Uma cidade das mulheres precisa de uma educação contra o machismo. O Estado brasileiro é laico, ou seja, é imparcial quanto à religião, sem discriminar e nem incentivar. Ou deveria ser.

Logo, as escolas públicas e a educação de conjunto também. Portanto, é papel da escola educar para o respeito à diversidade. Combater cotidianamente o machismo. Trabalhar a sexualidade de forma franca, igualitária e informativa. Estimulando, desde os primeiros anos escolares, que todas as crianças brinquem juntas e se sintam acolhidas. Também incentivar todas as áreas do conhecimento sem distinção de gênero, apoiando o empoderamento das meninas a partir de papéis de liderança, que sensibilize os meninos ao respeito. Isso inclui educar os meninos que a sensibilidade, organização e demais características ditas “femininas” também são importantes para a sua formação enquanto indivíduo. Para que isso ocorra é fundamental que o machismo seja tema de formação continuada de professores, que haja a formulação de novos livros didáticos onde a representação das mulheres esteja presente, orientação pedagógica capacitada pra promover os debates, acolhimento e auxilio aos pais e familiares. Mas muito mais que isso, é fundamental que as meninas sigam mobilizadas e ocupando cada vez mais as escolas, as ruas e a política.

Algumas propostas:

  1. Garantir a formação continuada e sistemática dos educadores/as , na busca de uma educação de qualidade contemplando as temáticas dos direitos humanos, machismo, sexualidade e gênero.
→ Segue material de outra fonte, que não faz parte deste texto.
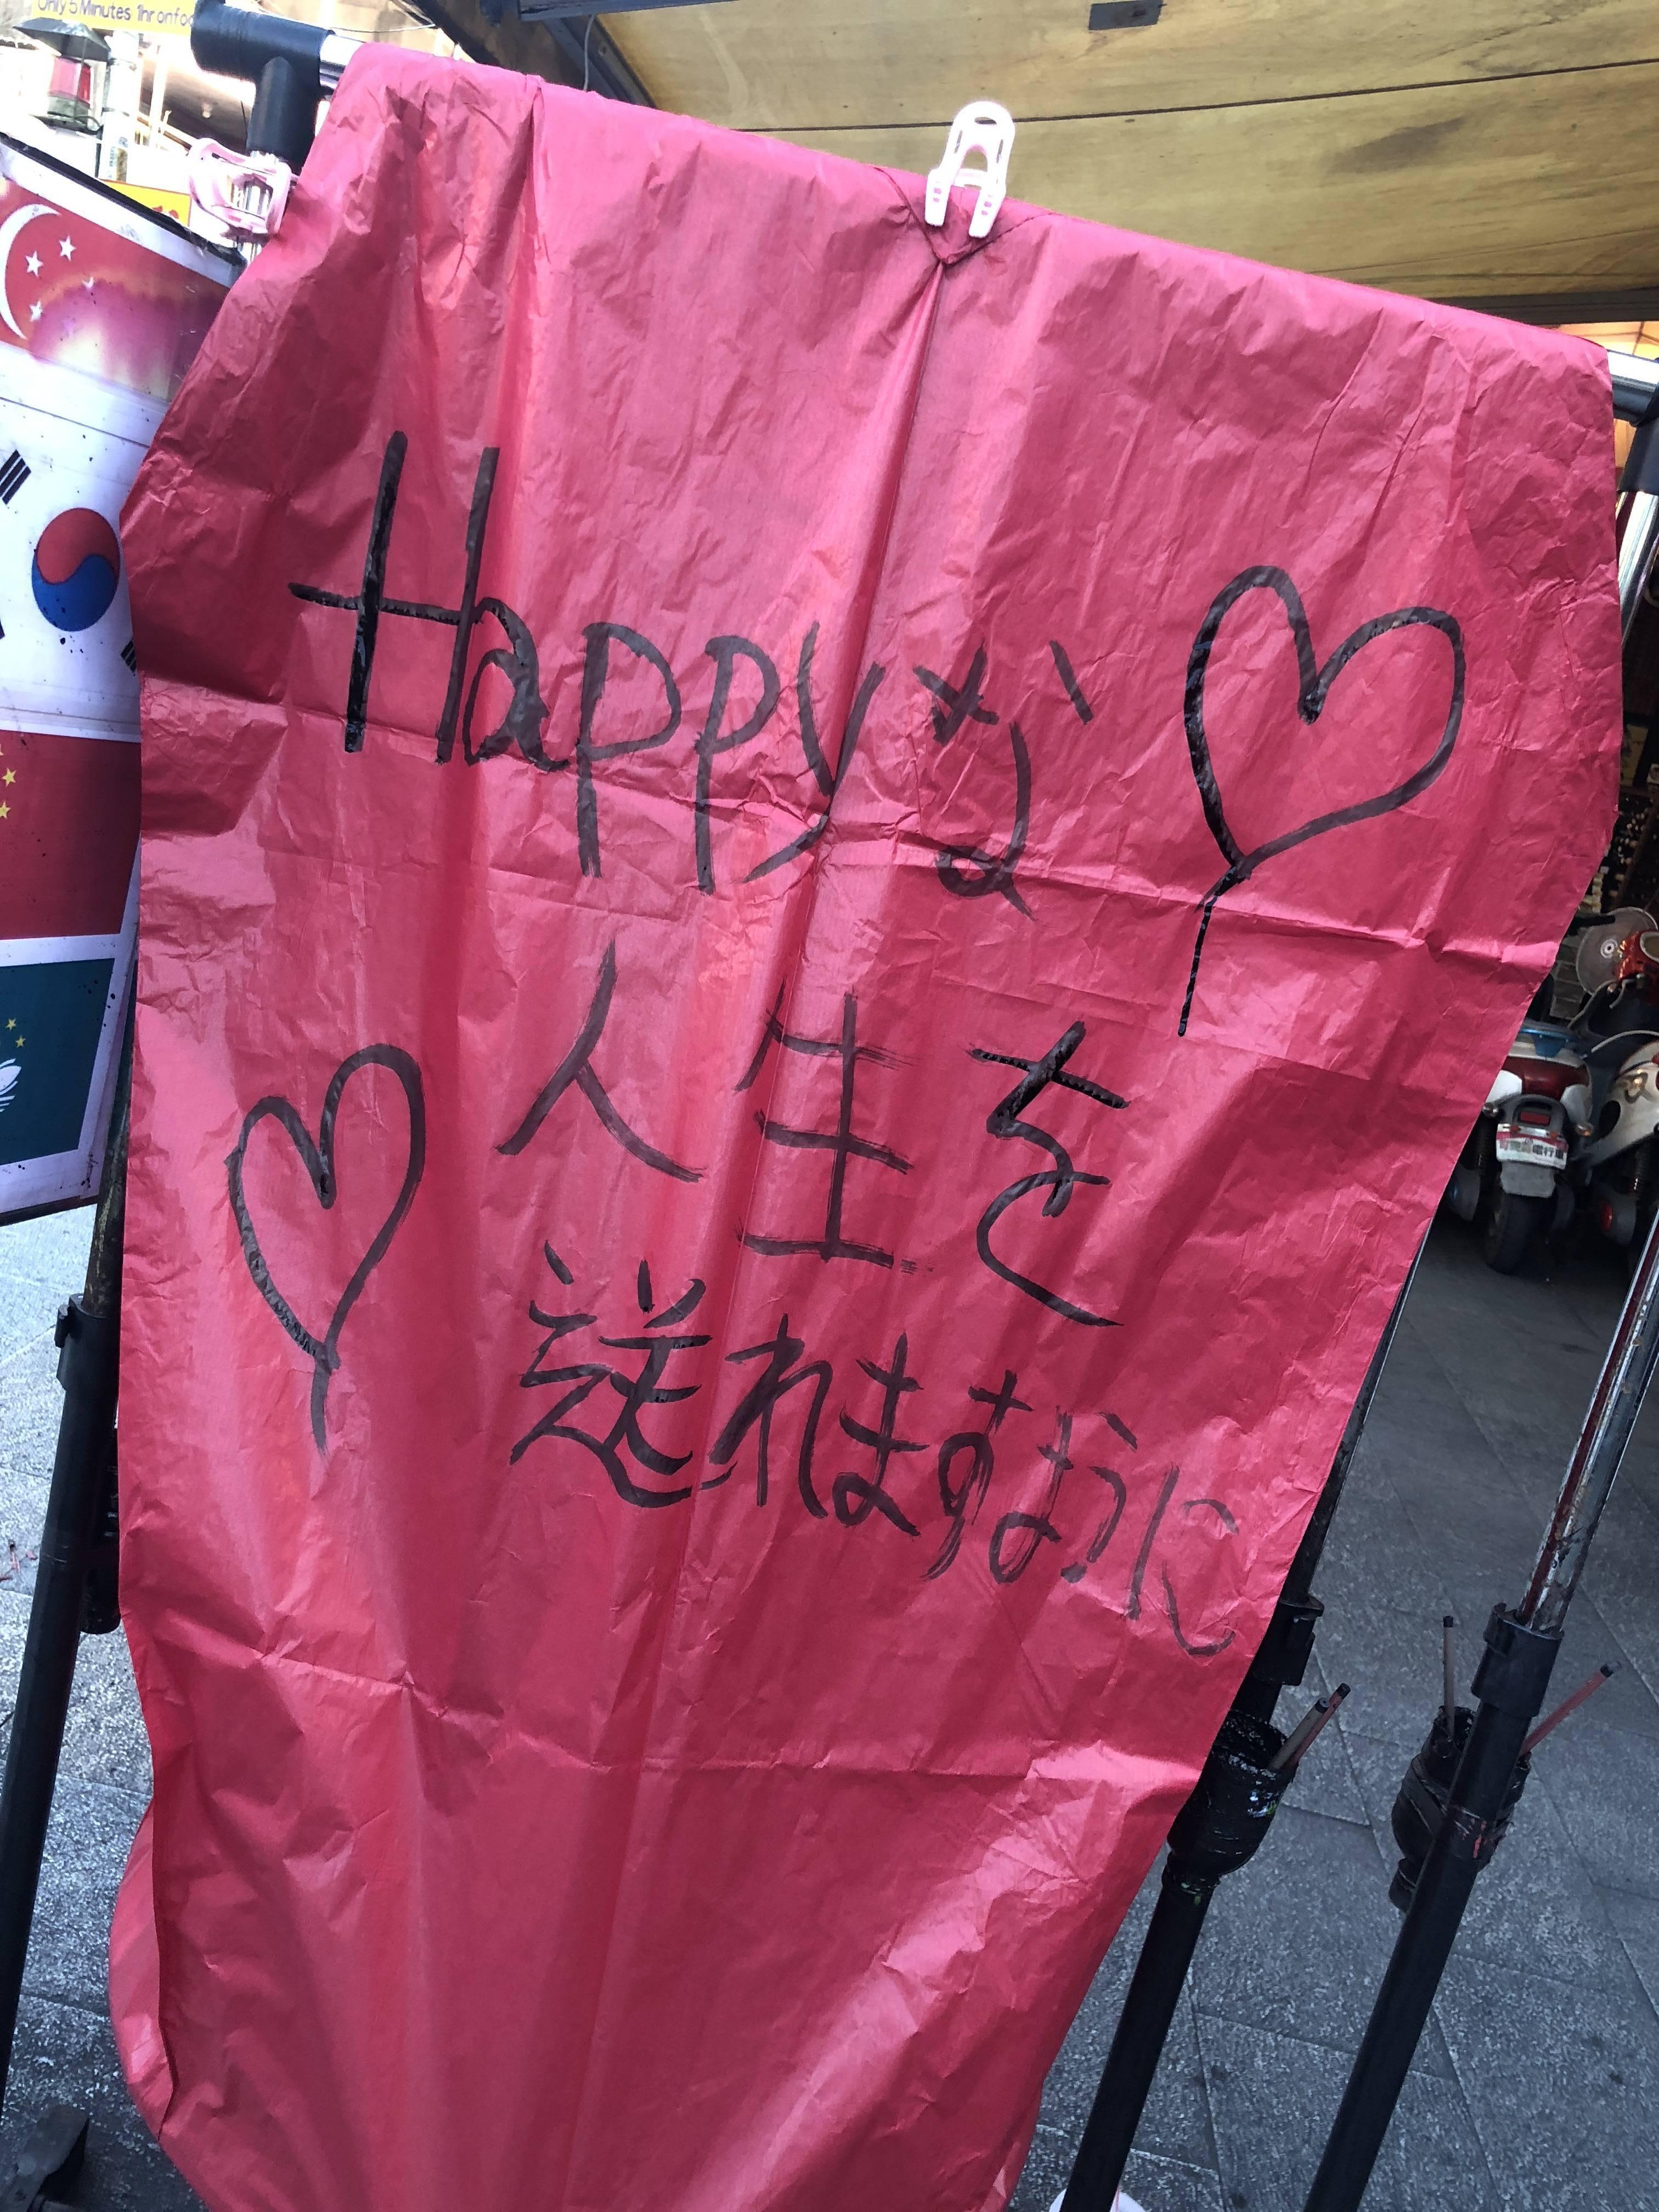 Vol.69♡ 初めての台湾旅行!オススメ観光スポットとグルメ情報♡_1_4-1

  2. Fiscalização quanto ao cumprimento de todas as leis dos Direitos da Mulher, da Diversidade de gênero e Sexualidade, da Diversidade e inclusão nos processos educativos.
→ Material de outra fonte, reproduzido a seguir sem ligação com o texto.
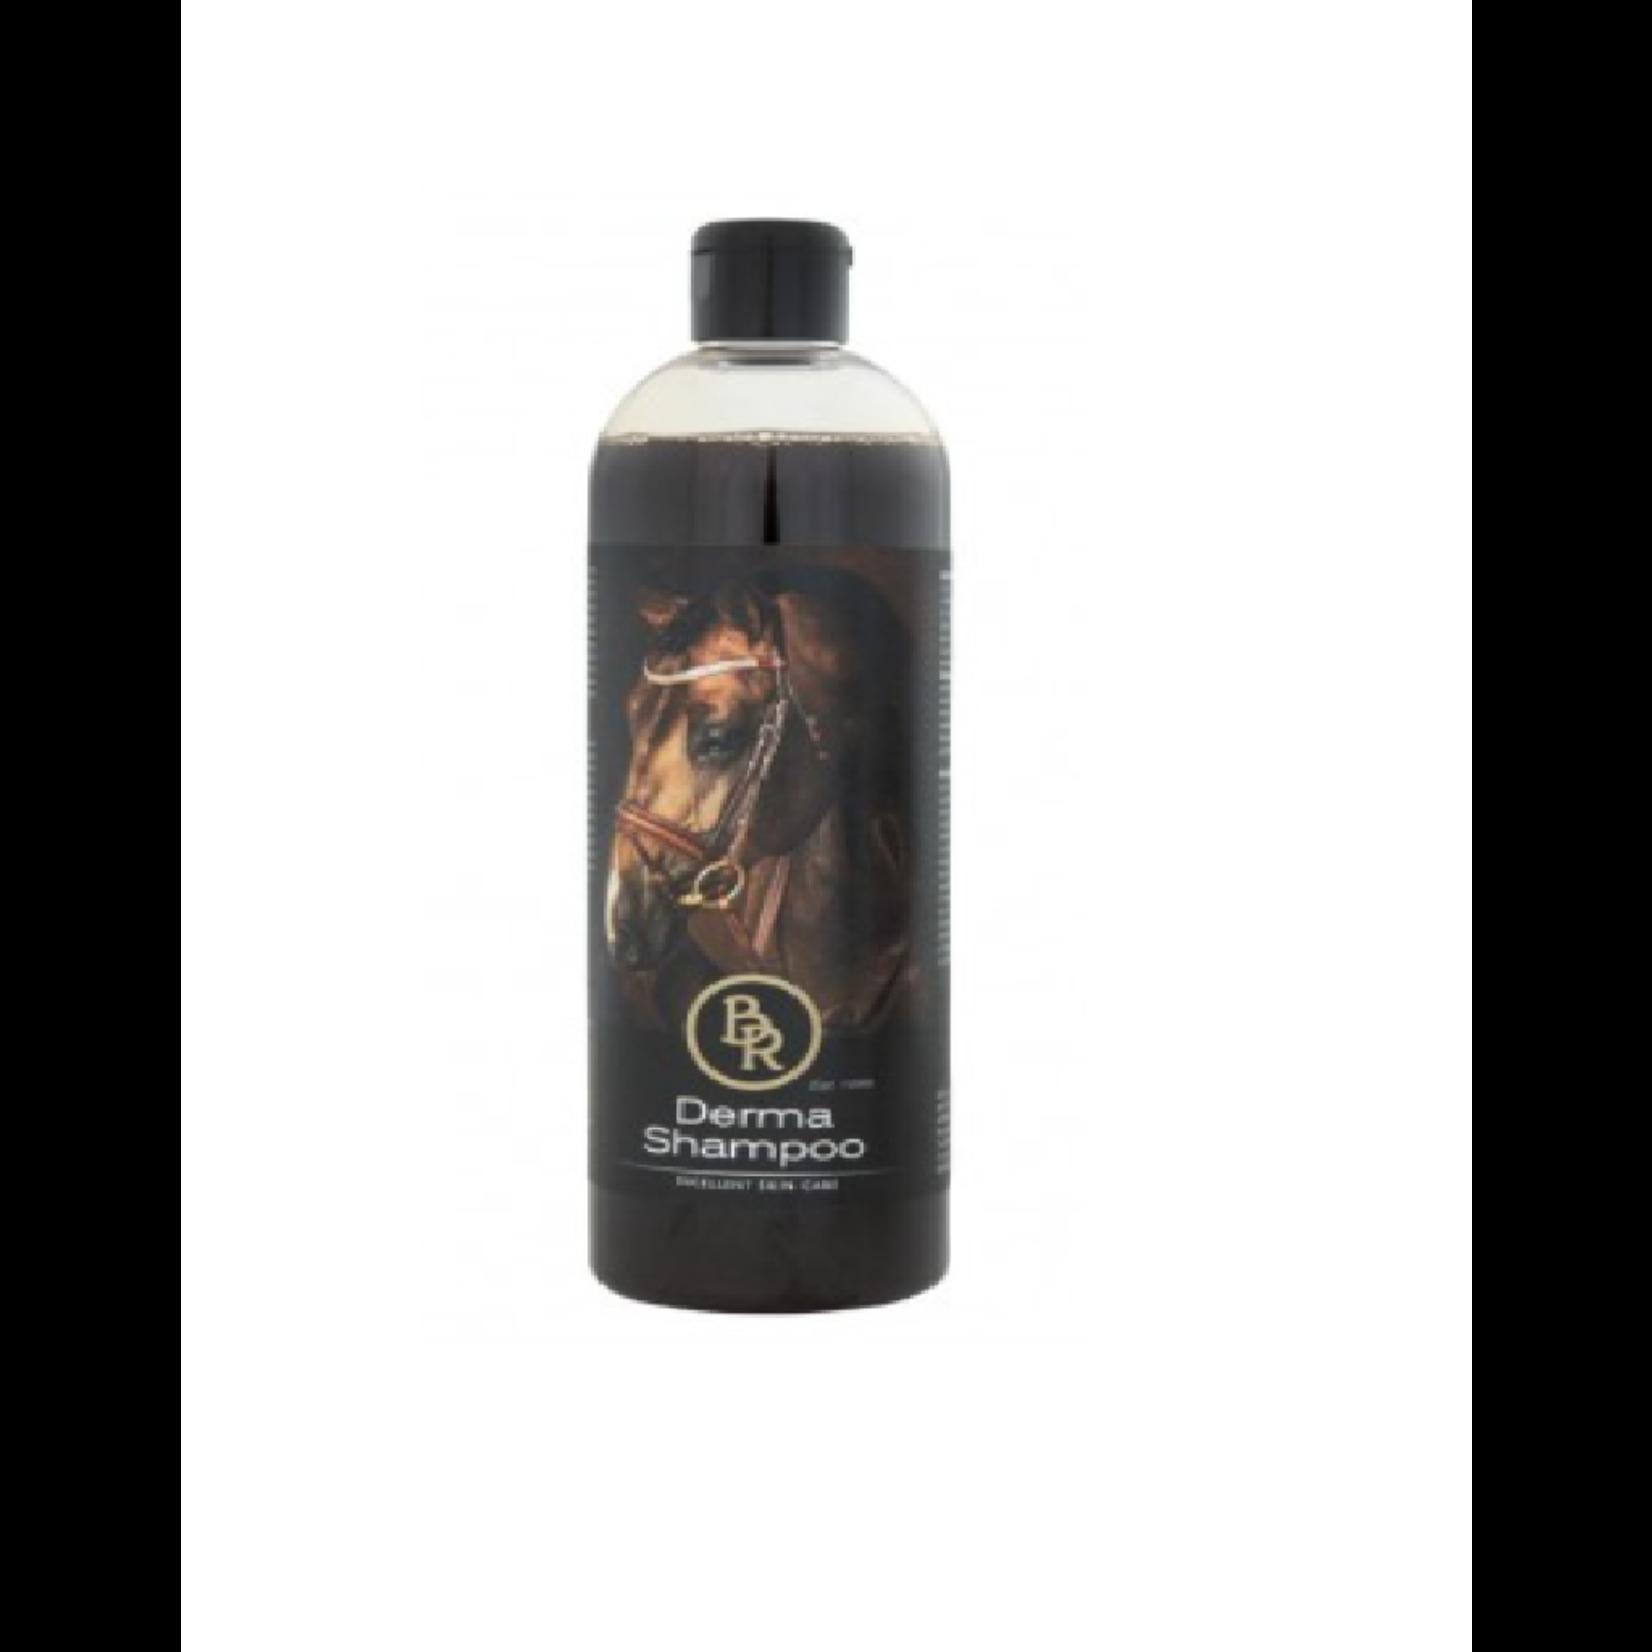 BR BR Derma Shampoo 500ml

  3. Ter ações preventivas ao assédio de forma articulada com as Secretarias Municipais de Educação e Secretaria da Mulher e de gênero nas cidades que houverem,

  4. Implantar, viabilizar e garantir a melhoria das condições materiais e pedagógicas, qualificando o atendimento às mulheres na rede educacional, com ações para diminuir os índices de evasão devido ao machismo.

  5. Introduzir e garantir a discussão de gênero e diversidade sexual na formação inicial e continuada dos professores/as, com verbas garantidas e calendário estruturado visando um debate amplo e democrático rumo a alteração do currículo do ensino básico, ao estudo de gênero e sexualidade.

  6. Criar um aplicativo para denúncias de assédios ou mesmo notificações de correções necessárias nos livros e materiais didáticos que veicule qualquer tipo de opressão e discriminação.

  7. Garantir a política de produção e distribuição de materiais pedagógicos que promovam a igualdade de gênero, o respeito à diversidade e o combate ao machismo.

  8. Garantir no Projeto Político Pedagógico das escolas o combate ao machismo, a opressão de gênero e que promova o debate de respeito à diversidade de gênero e sexualidade de forma franca e libertária.

  9. Garantir verba pública e criar programas de combate ao assédio, machismo e todas as formas de opressão em diferentes mídias em parceria com os movimentos sociais que trabalhem com essas temáticas.

  10. Garantir que seja respeitado o direito a auto-organização e ao próprio corpo das meninas, coibindo que ações sexistas, machistas e discriminatórias ocorram dentro das escolas.